“Hideous” family violence offender misses court

Troy Hill. Photo: supplied.
Troy Hill. Photo: supplied.


A 26-year-old man who appealed a 13-month jail sentence has not shown up for his appeal hearing.

Troy Hill was due to face the County Court on Friday morning after he lodged an appeal against the jail term handed down in the Ballarat Magistrates' Court last month.

Hill, who was on bail, did not appear.

Judge Michael McInerney issued a warrant for his arrest.

The matter has been adjourned for an appeal hearing before Judge McInerney for later in the current County Court circuit sitting at Ballarat.


Troy Hill has lodged an appeal against the sentence which will be heard in the County Court at a later date.


A magistrate has labelled the abusive behaviour of a 26-year-old as one of the worst cases of family violence she has ever dealt with.

Magistrate Noreen Toohey on Wednesday jailed Troy Hill for 13 months with a non-parole period of six months after he pleaded guilty to eight charges, including three counts of assault, and one count each of recklessly causing injury and persistently breaching an intervention order.

She told the court it was one of the worst cases of family violence she had dealt with.

"What is truly extraordinary about this matter is Mr Hill has two little children," she said.

"I doubt whether those little children will ever recover from what they've experienced."

The court heard Hill assaulted a former partner on three separate occasions. On one of those occasions he pushed his knee into the woman's face after she became upset from being unable to settle her baby.

“He then picked up the baby and handed it to her like nothing happened,” Ms Toohey said.

On another occasion the court heard Hill verbally abused the woman for six hours because she had attended a work function, before punching her in the face when she attempted to leave.

He was also charged with recklessly causing injury on another female member of his family after he started punching her as she cradled his young three-year-old son.

He later threatened to kill her if she called police.

Other charges included contravening a safety notice and breaching a counselling order.

Ms Toohey said the victim impact statement of Hill's former partner summed up the serious affect of violence on its victims.
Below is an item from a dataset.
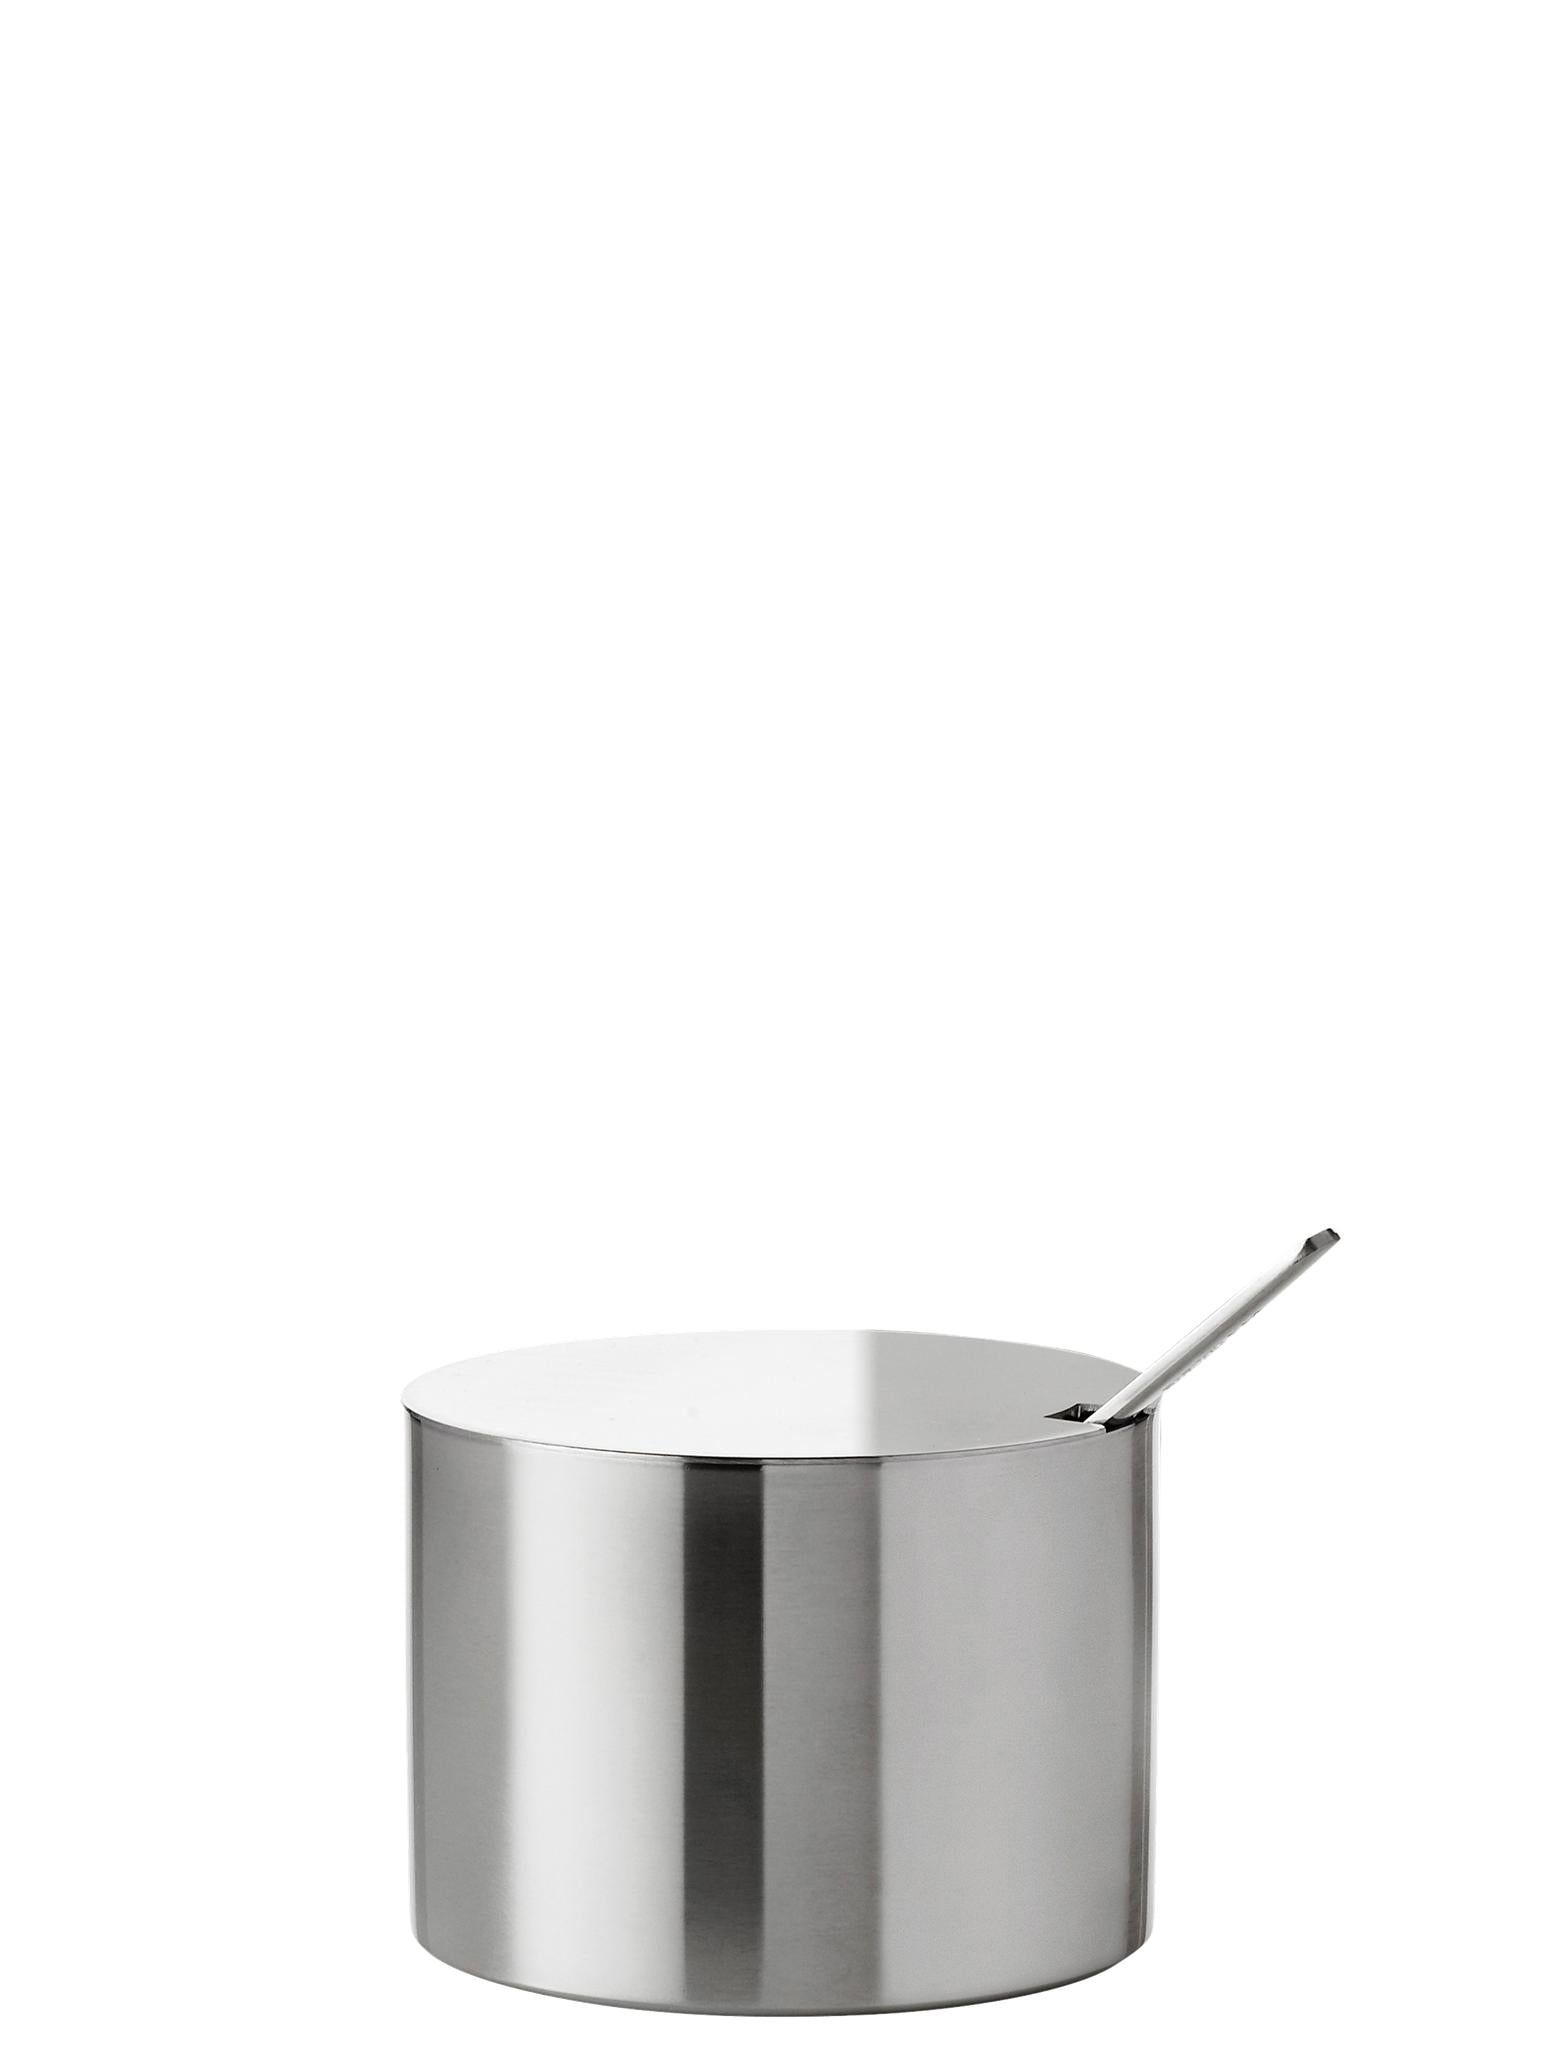 Stelton Arne Jacobsen Sugar Bowl 0,2 L.

She re-read parts of statement to the court which explained how the assaults made the victim feel "destroyed and numb".

The victim impact statement detailed how the assaults had inspired an ongoing sense of fear in the victim. It also related how the assaults had shattered a once happy disposition. Ms Toohey also acknowledged the woman never predicted anything like this ever happening to her life.
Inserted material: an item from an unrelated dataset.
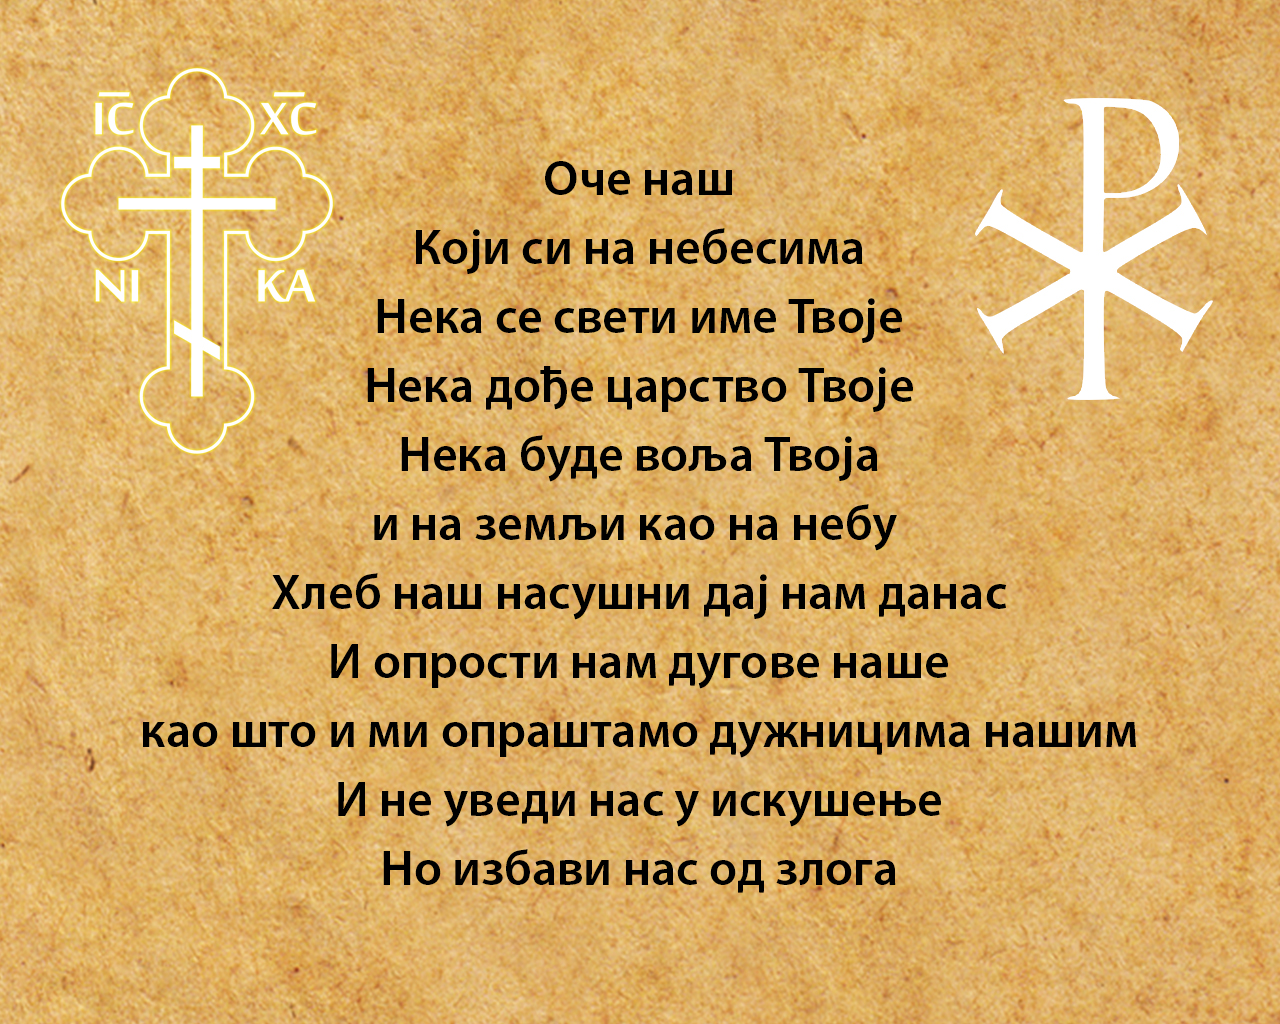 Свети Владика Николај – Оче наш

"This sums up how hideous family violence is," she said. "The community is utterly sick and tired of this sort of behaviour and control."
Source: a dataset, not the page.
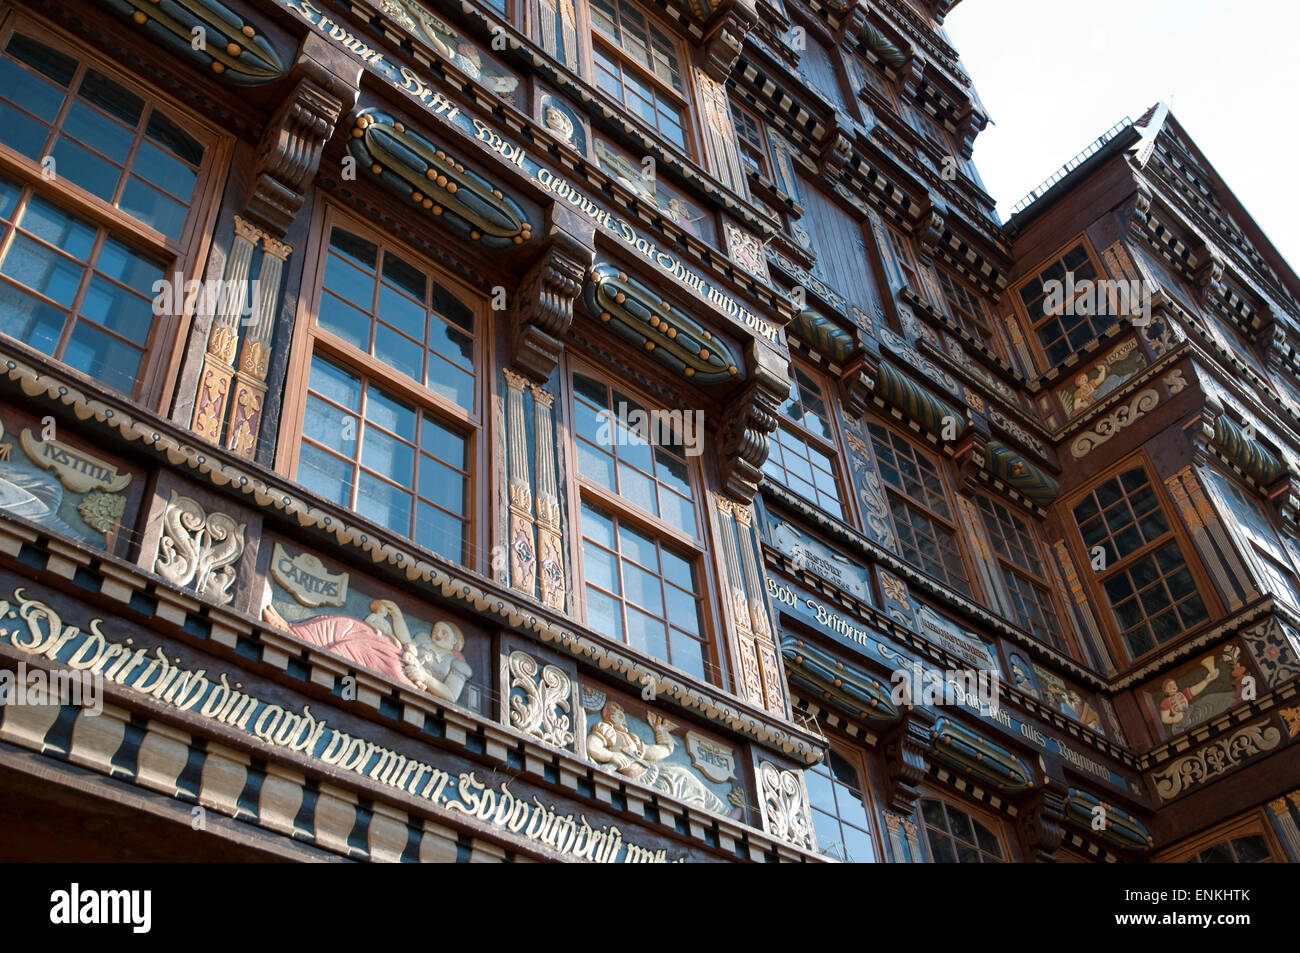 Historisches Gebäude am Marktplatz, Hildesheim, Niedersachsen, Deutschland Stockfoto

Hill's lawyer, Mike Wardell, urged the court to sentence his client, who had no criminal priors, to a community corrections order (CCO).

He said the two days spent in the Ballarat Custody Centre had been an eye-opening experience for his client who realised that wasn't how he wanted to spend his life.

But Ms Toohey said the matters were too serious for a CCO. She said the seriousness warranted no sentence other than imprisonment. 

Hill was also fined $750 for breaching the counselling order.